A Medical Device Daily

Genzyme (Cambridge, Massachusetts) said it has entered a license agreement with Massachusetts General Hospital (MGH; Boston) and the Dana-Farber Cancer Institute (DFCI; also Boston) to obtain exclusive, worldwide diagnostic rights to their discovery of gene mutations recently found in some patients with non-small-cell lung cancer.

The presence of these mutations, or markers, discovered in the epidermal growth factor receptor (EGFR) gene, has been shown to correlate with clinical response to certain drugs used in treating non-small cell lung cancer. Through this license, Genzyme will develop and market a diagnostic test for the EGFR markers that can be used to help identify patients who are most likely to respond to targeted lung cancer therapies, including Tarceva (erlotinib) and Iressa (gefitinib).

Responses to these drugs have been found to be positive in those patients identified as having specific EGFR gene mutations, Genzyme said. Its new test is designed to identify patients with those specific EGFR gene mutations, predict the responses to those drugs found to clinically correlate with such mutations and, ultimately, help extend the lives of patients undergoing therapy.

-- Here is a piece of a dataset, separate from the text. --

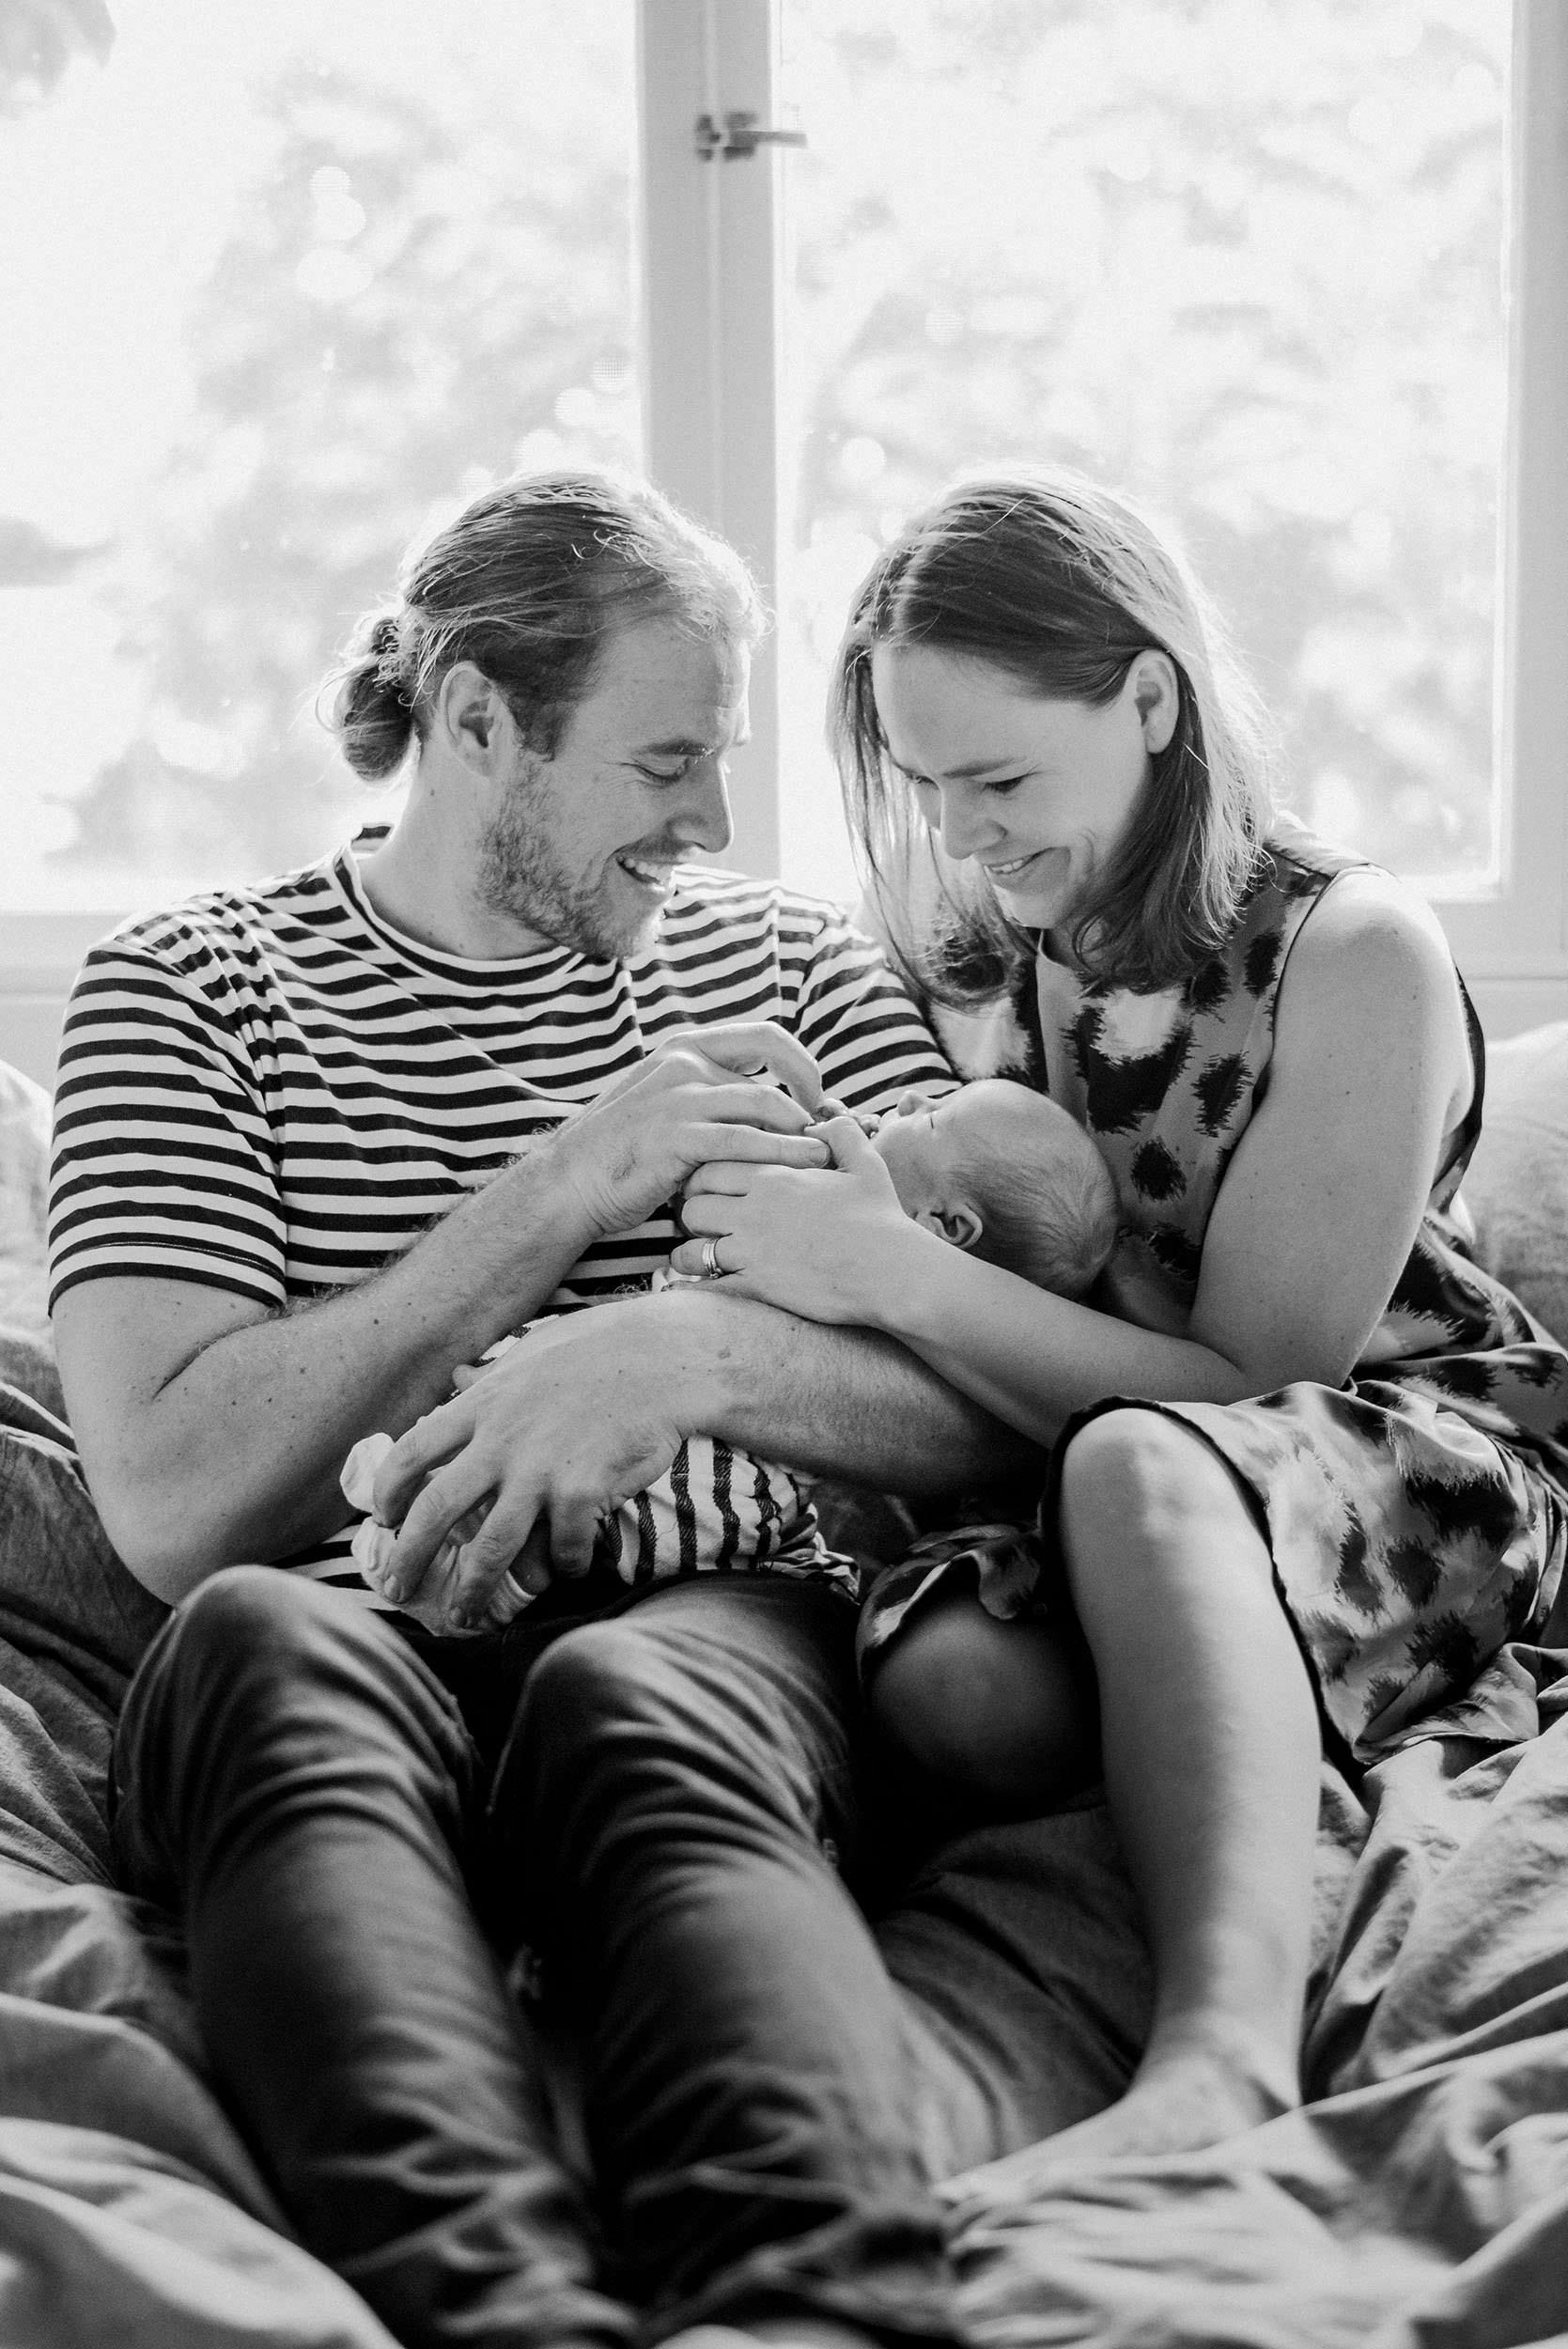 brisbane-family-portrait-photographer-04.jpg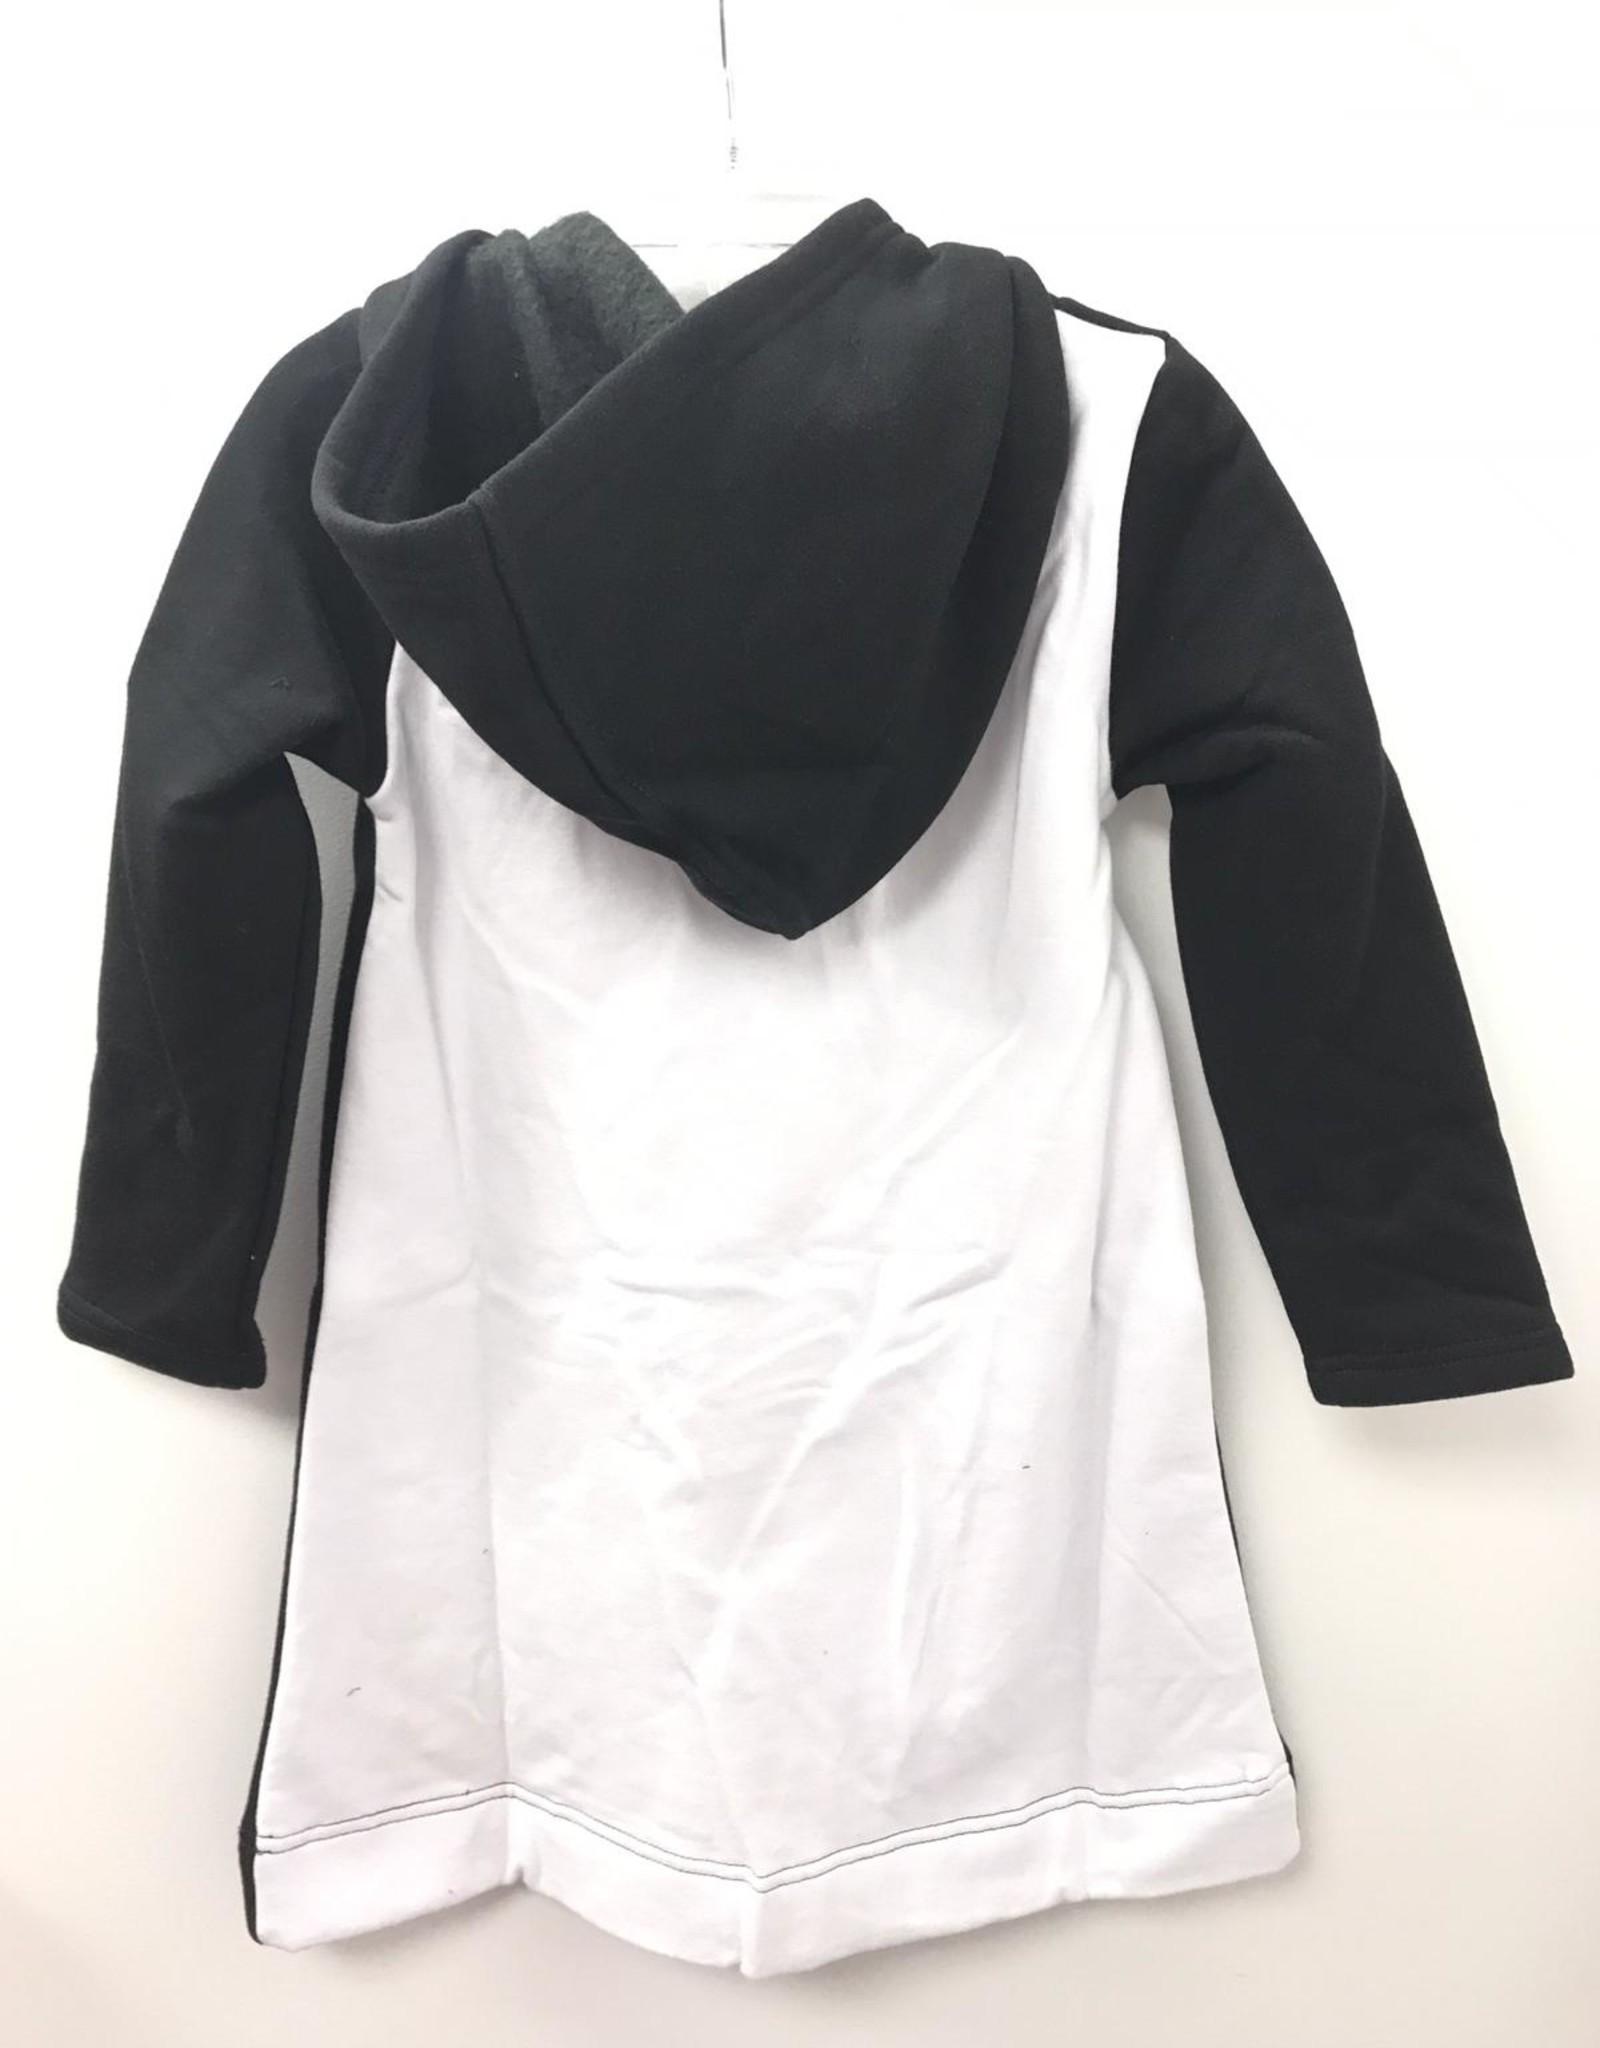 Dot & Line Dot & Line Hooded Sweatshirt Dress with Pockets and Contrast Back

Genzyme said it expects to launch its EGFR mutation test later this year.

The discovery of the EGFR mutations was made by researchers at Dana-Farber and MGH who analyzed tumor samples from lung cancer patients who had responded to tyrosine kinase inhibitors of EGFR. According to their published studies, the majority of patients who had the mutations responded to the therapy, while those who did not have the EGFR mutations did not respond.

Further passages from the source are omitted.